FACTOR_AUTH_SECRET=random-secret-password
[email protected]
SMTP_PASSWORD=--PASSWORD--
SMTP_HOST=smtp.email-provider.org

Initial Admins Users

Factor has a simple user role system that is designed to serve most privilege based scenarios. To get this system started you first need to create some "admin" users that can then promote other users from the dashboard.

To add these initial admin users, you can add a list of emails in your package.json under admins:

{
  // package.json stuff
  "factor": {
    // factor stuff
    "admins": ["[email protected]", "[email protected]"]
  }
}

or if you like in your .env file under FACTOR_ADMINS.

# .env
FACTOR_ADMINS="[email protected],[email protected]"

Now once a user with that email is logged in and verified, they will have access to admin features in the Factor dashboard.

Logging In and Signing Up

If you'd like to trigger signup/login and logout from within you're app, Factor provides you two useful functions:

import { showSignIn, logout } from "@factor/api"

// Shows signin UI (default or from plugin)
showSignIn()

// Logs the user out (if signed in)
logout()

Email Verification

Email verification is important because you need to make sure a user owns the email they sign up with.

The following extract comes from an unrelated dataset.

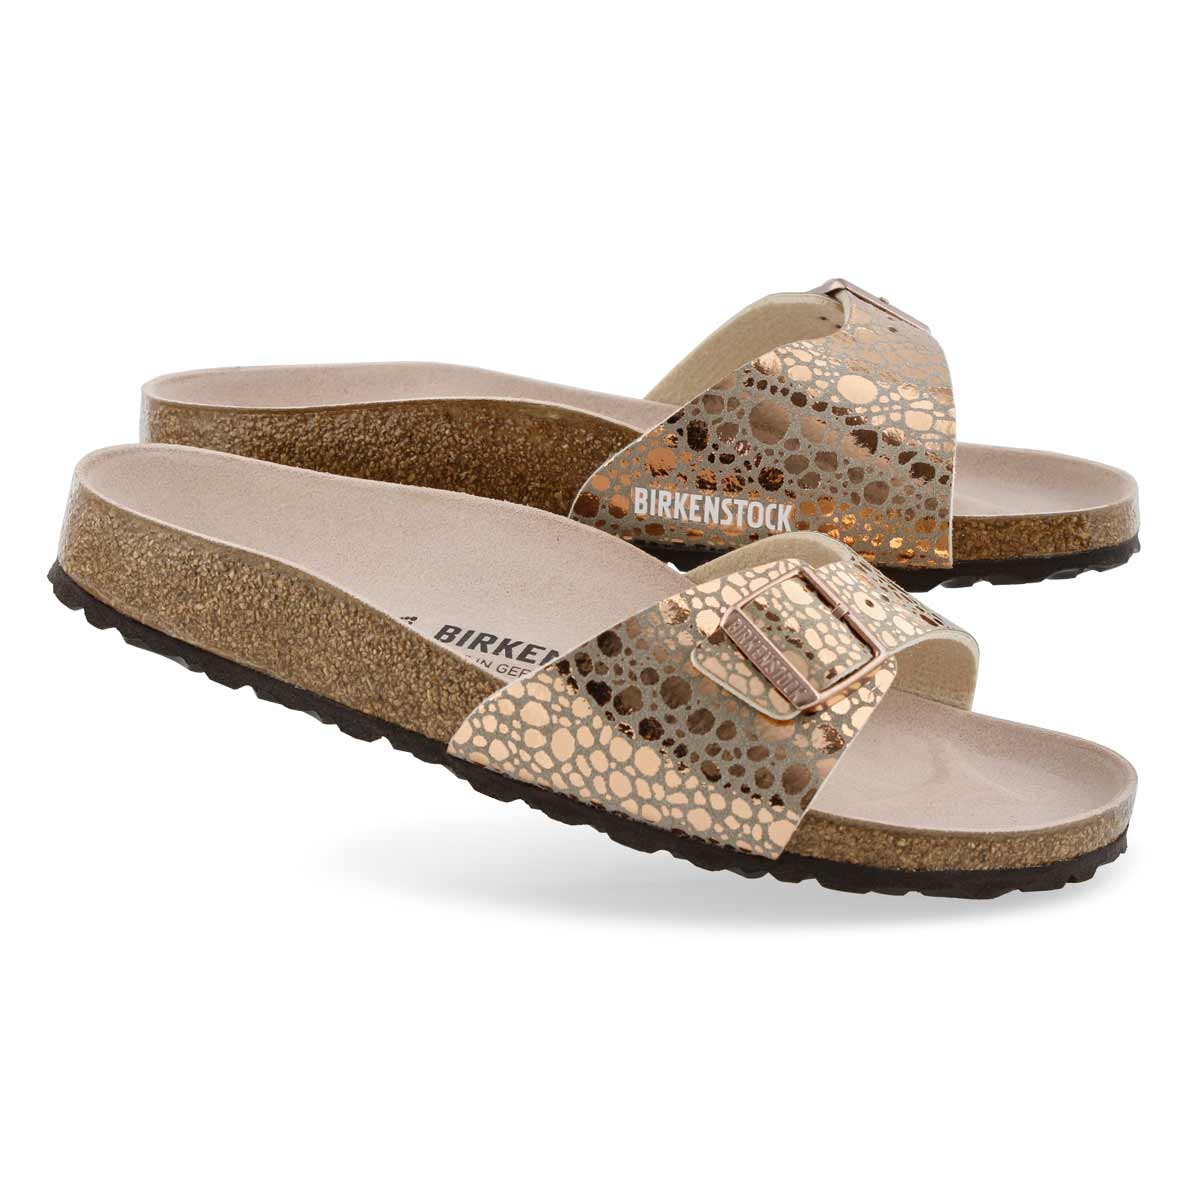 Lds Madrid BF mtlc cpr 1 strap sandal- N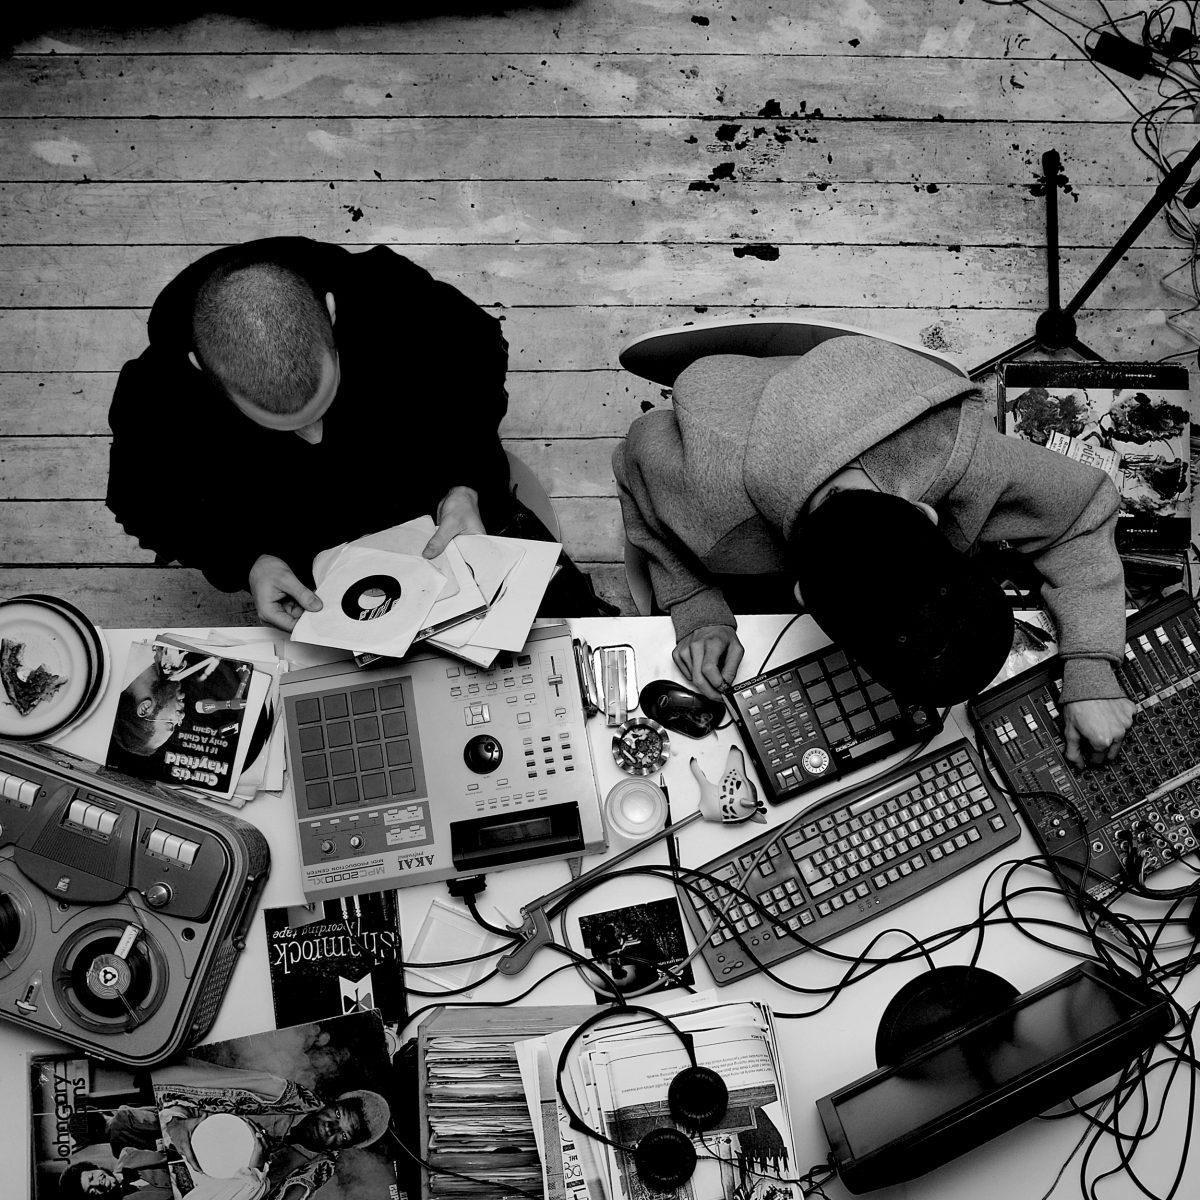 10+ Years of Beatmaking, Captured by Robert Winter (Interview)

When a user signs up, Factor sends them a verification email with a link to click to verify their account. For this to work, you'll need to have SMTP email setup (or verification emails won't be sent).

User Roles

Inside Factor there is a concept of user roles assigned to users. Each role is assigned an access level (0 - 500) and given privileges related to the scope of that role:

  • Admin (500) - All privileges
  • Moderator (300) - Ability to manage and edit posts, users
  • Editor (200) - Can write and edit their own posts and others
  • Creator (100) - Can write and edit their own posts
  • Member (1) - Logged in, can manage own account settings
  • Anonymous (0)

Promoting Users to Roles

If you are an admin user, then you will have the right to "promote" other users in the CMS directly from the dashboard. You can find this functionality under dashboard > users > select action.

Promoting Users

Advanced Authentication and Privileges

To learn more about working with authentication and privileges check out the doc.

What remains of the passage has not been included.